§ **PROBLEM STATEMENT**
An exact copy of the listing is required, with its pictures removed.

§ **DATASET EXTRACT**
━━━━━━━━━━━━━━━━━━━━

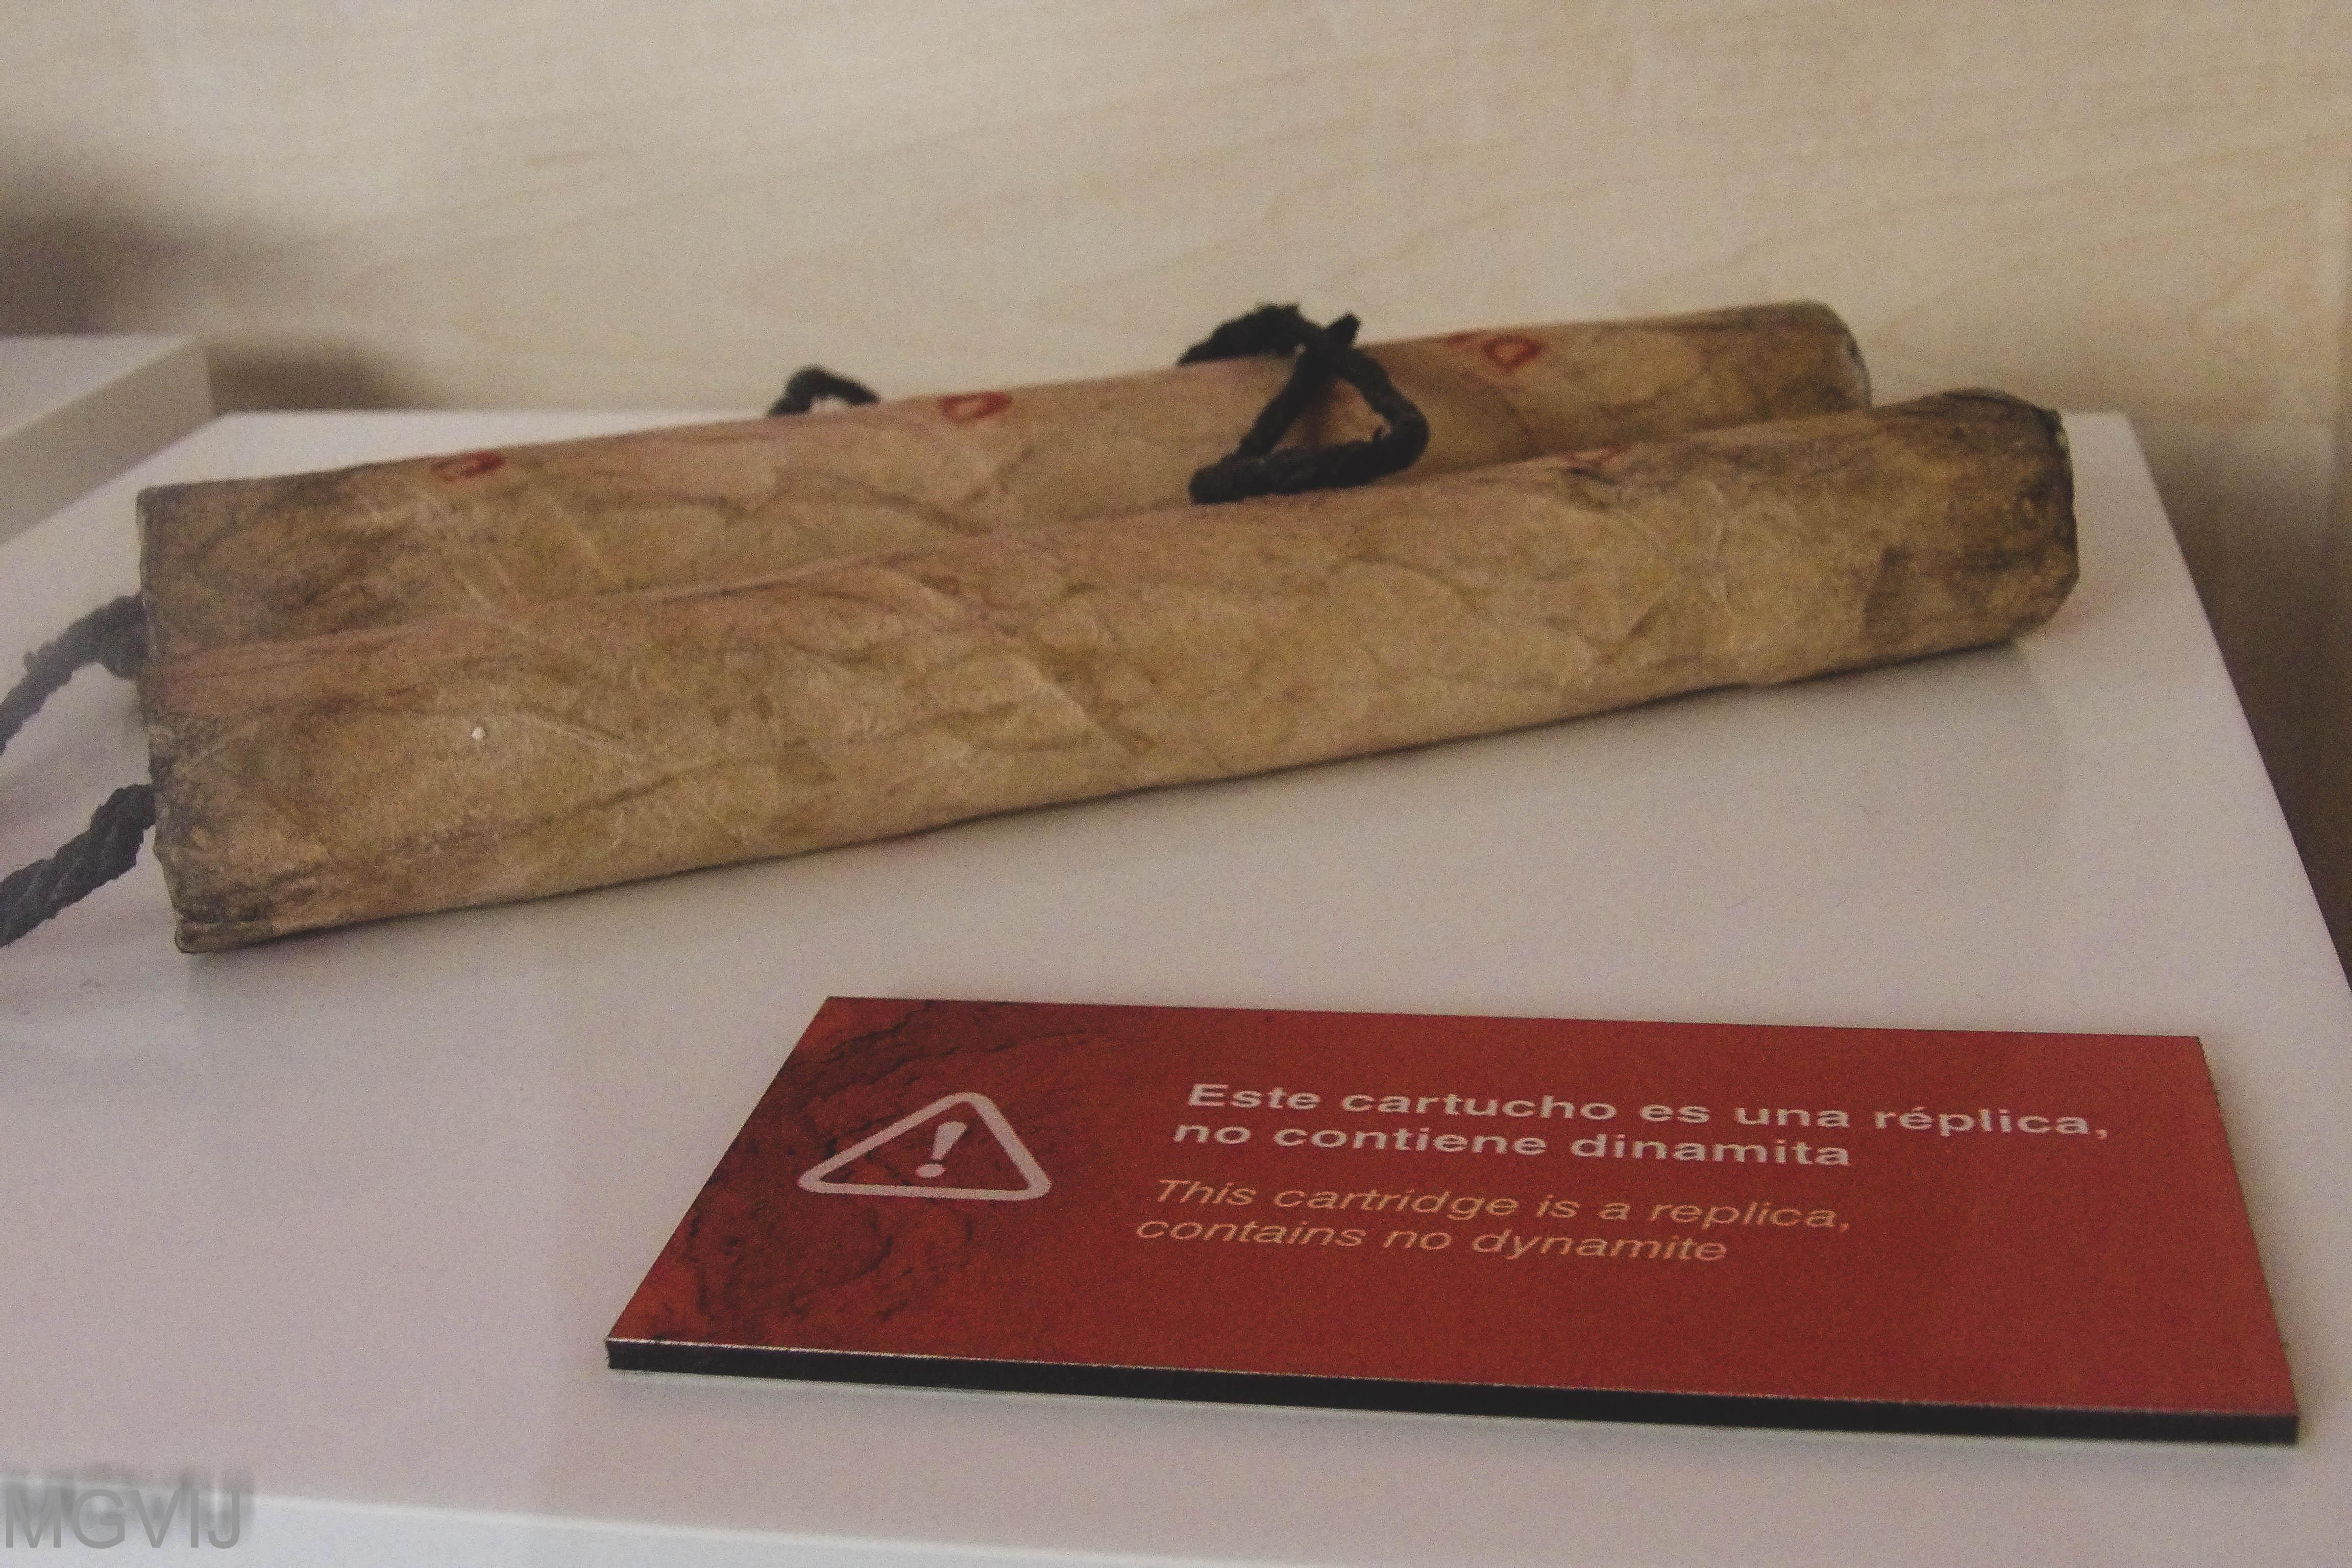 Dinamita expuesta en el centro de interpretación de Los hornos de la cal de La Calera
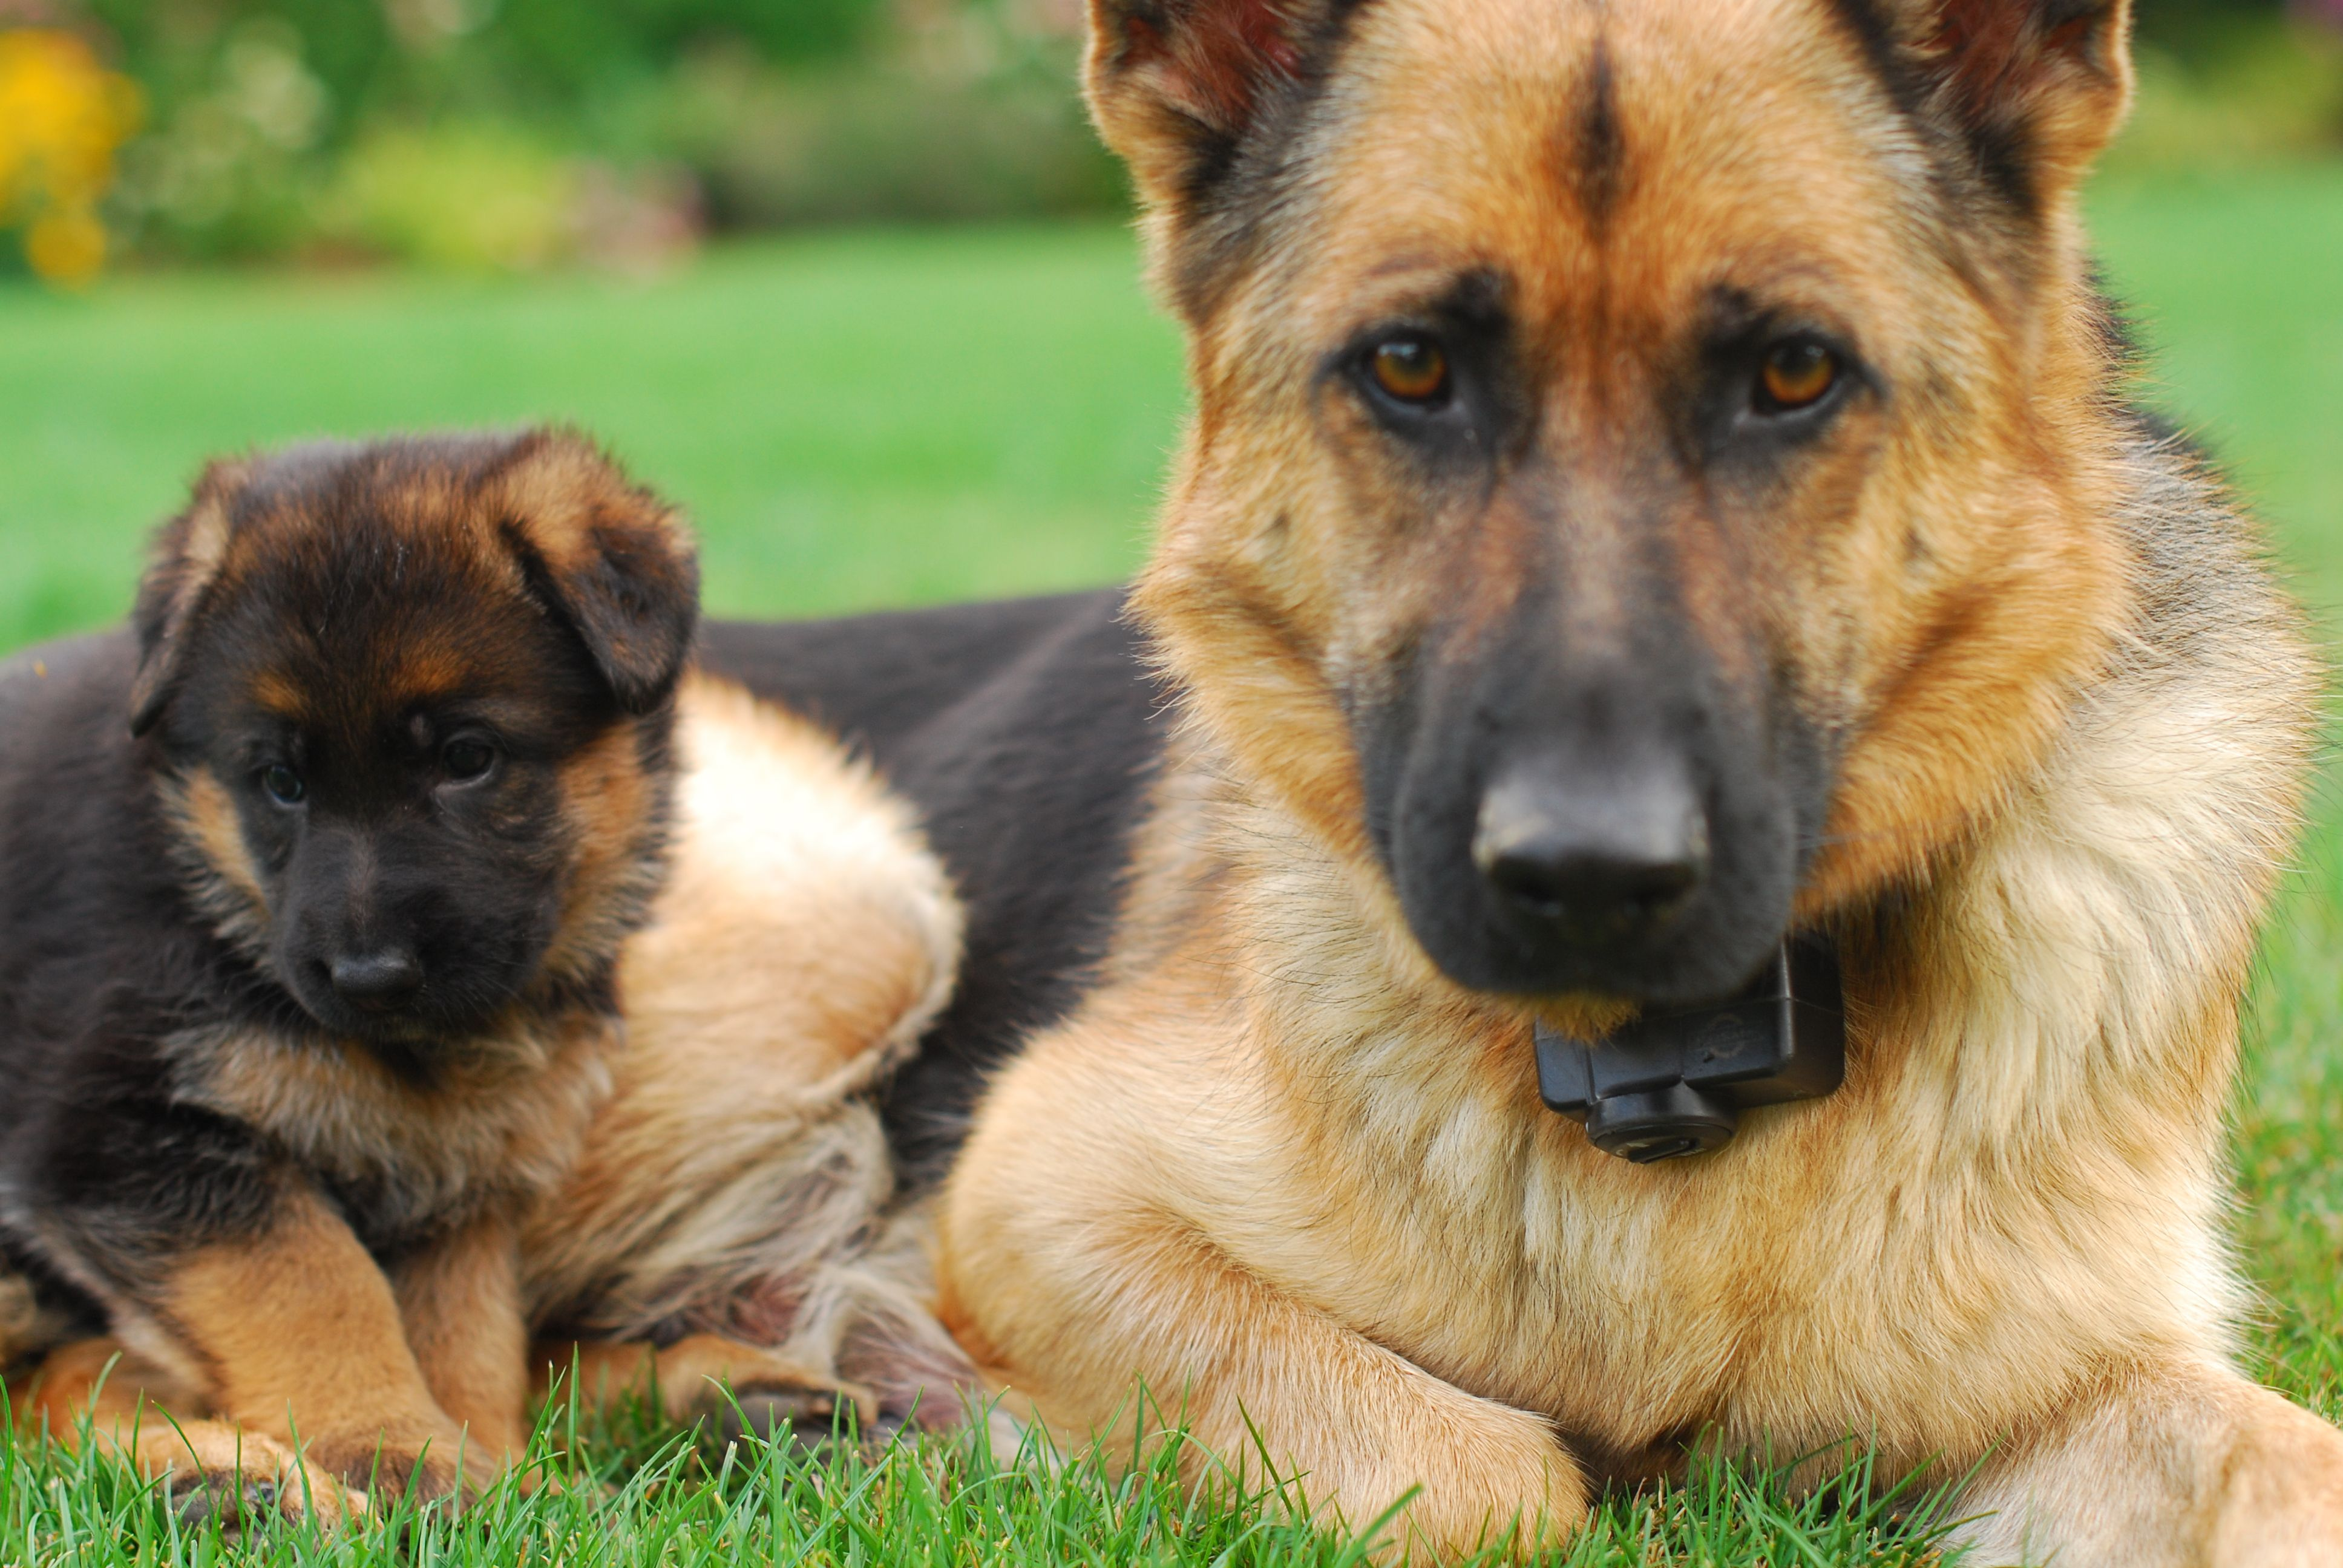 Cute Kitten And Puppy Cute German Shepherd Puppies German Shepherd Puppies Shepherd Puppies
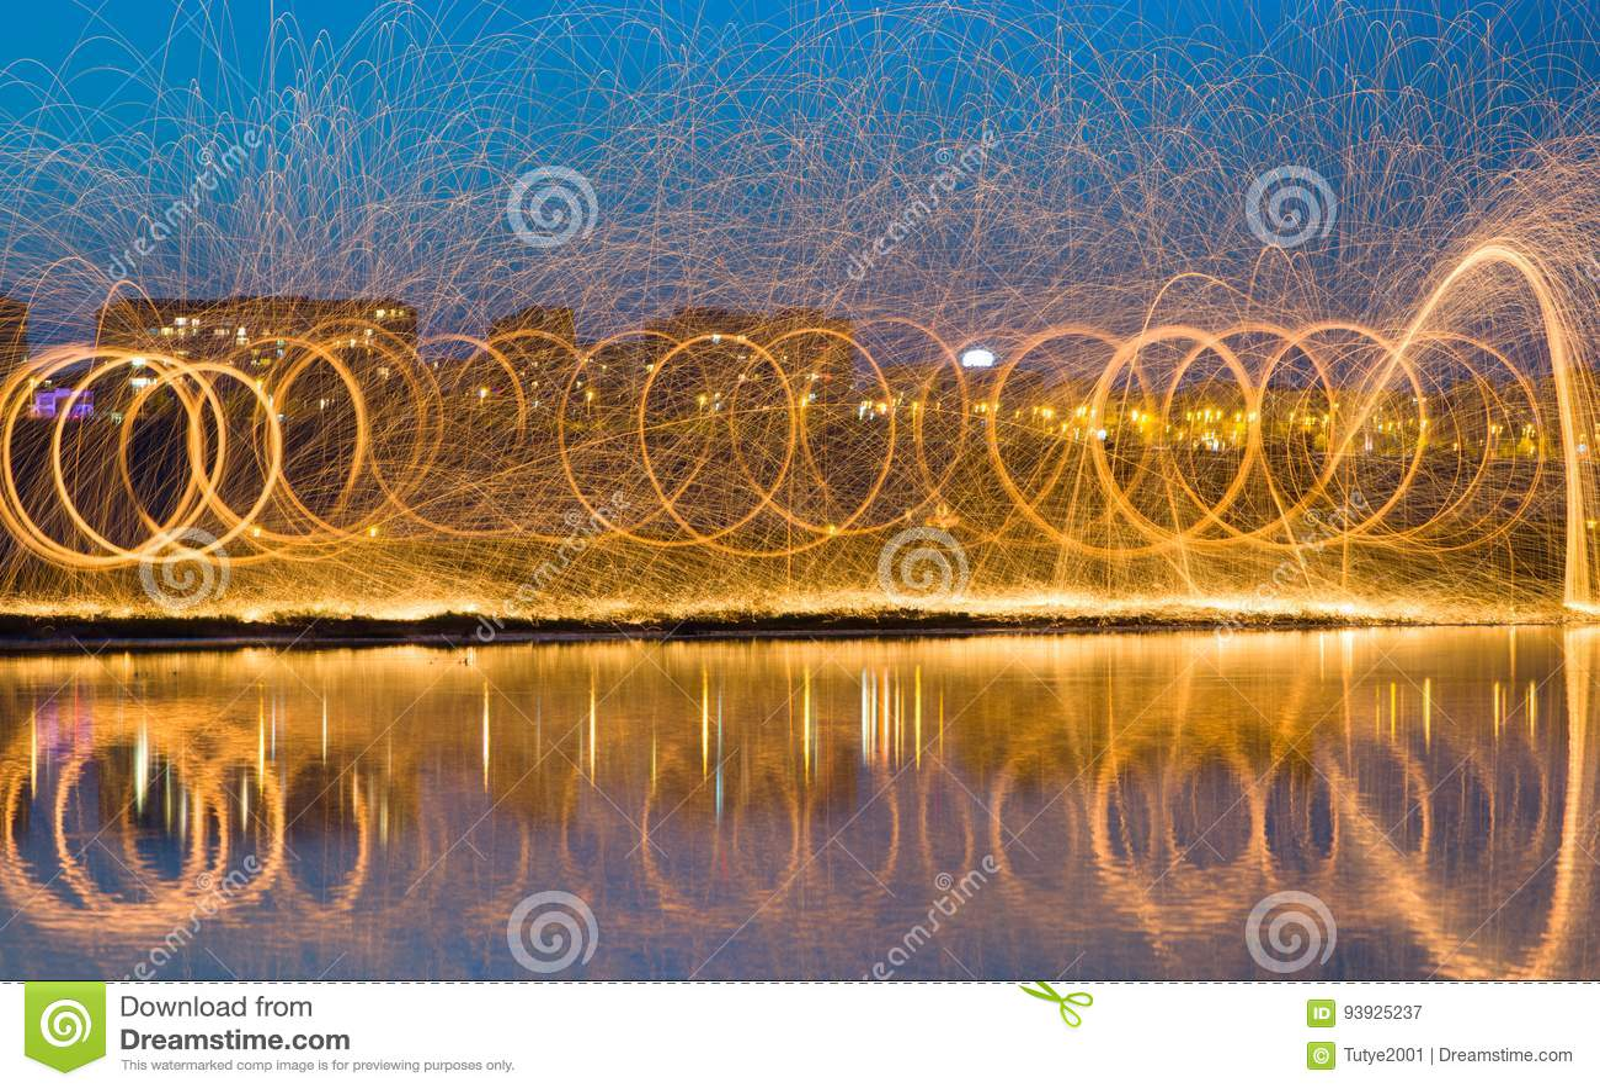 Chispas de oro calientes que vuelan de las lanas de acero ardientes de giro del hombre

━━━━━━━━━━━━━━━━━━━━

§ **ANSWER TO THIS TASK**
 Dinamita expuesta en el centro de interpretación de Los hornos de la cal de La Calera
 Cute Kitten And Puppy Cute German Shepherd Puppies German Shepherd Puppies Shepherd Puppies
 Chispas de oro calientes que vuelan de las lanas de acero ardientes de giro del hombre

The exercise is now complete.